1 files changed, 39 insertions, 35 deletions

diff --git a/examples/shader-object/main.cpp b/examples/shader-object/main.cpp
index 9329a5418..6efe2f97d 100644
--- a/examples/shader-object/main.cpp
+++ b/examples/shader-object/main.cpp
@@ -136,7 +136,6 @@ int main()
     // interacting with the graphics API.
     Slang::ComPtr<gfx::IDevice> device;
     IDevice::Desc deviceDesc = {};
-    deviceDesc.deviceType = DeviceType::Vulkan;
     SLANG_RETURN_ON_FAIL(gfxCreateDevice(&deviceDesc, device.writeRef()));
 
     Slang::ComPtr<gfx::ITransientResourceHeap> transientHeap;
@@ -184,46 +183,51 @@ int main()
     viewDesc.format = gfx::Format::Unknown;
     SLANG_RETURN_ON_FAIL(device->createBufferView(numbersBuffer, viewDesc, bufferView.writeRef()));
 
-    // Now comes the interesting part: binding the shader parameter for the
-    // compute kernel that we about to launch. We would like to construct
-    // a shader object that represents a `f(x)=x+1` transformation and apply
-    // it to the numbers in `numbersBuffer`.
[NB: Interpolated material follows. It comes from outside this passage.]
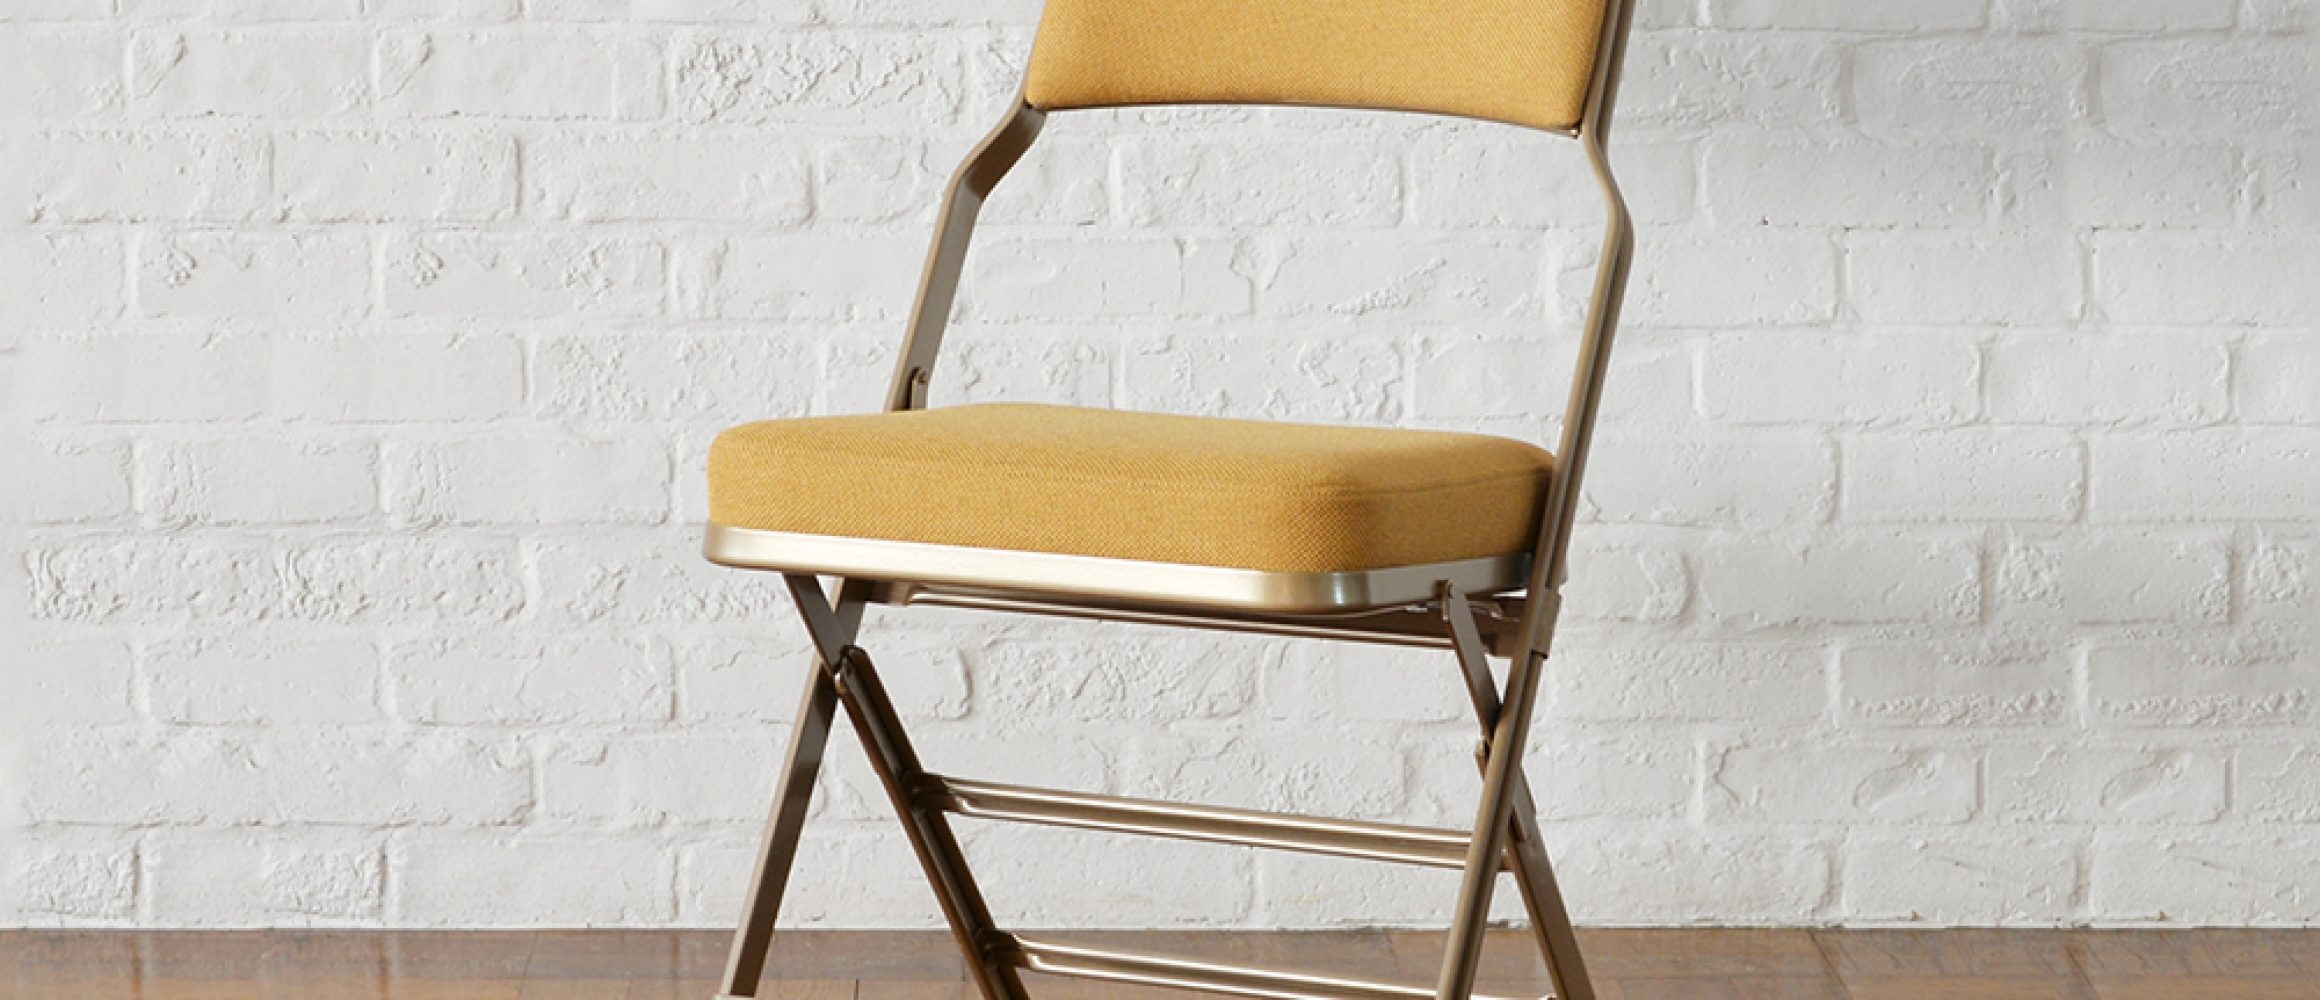 いわば極上のパイプ椅子。フレームクッションにこだわった、PFSの芸術的折り畳みチェア。 | アウトドアファッションのGO OUT

-    // To start, we create a root shader object that represents the root level
-    // scope of the shader parameters.
-    ComPtr<gfx::IShaderObject> rootObject;
-    SLANG_RETURN_ON_FAIL(device->createRootShaderObject(shaderProgram, rootObject.writeRef()));
-    // We can set parameters directly with `rootObject`, but that requires us to use
-    // the Slang reflection API to obtain the proper offsets into the root object for each parameter.
-    // We implemented these logic in the `ShaderCursor` helper class, which simplifies the user
-    // code to find shader parameters. Here we demonstrate how to set parameters with `ShaderCursor`.
-    gfx::ShaderCursor entryPointCursor(rootObject->getEntryPoint(0)); // get a cursor the the first entry-point.
-    // Bind buffer view to the entry point.
-    entryPointCursor.getPath("buffer").setResource(bufferView);
-
-    // Next, we create a shader object that represents the transformer we want to use.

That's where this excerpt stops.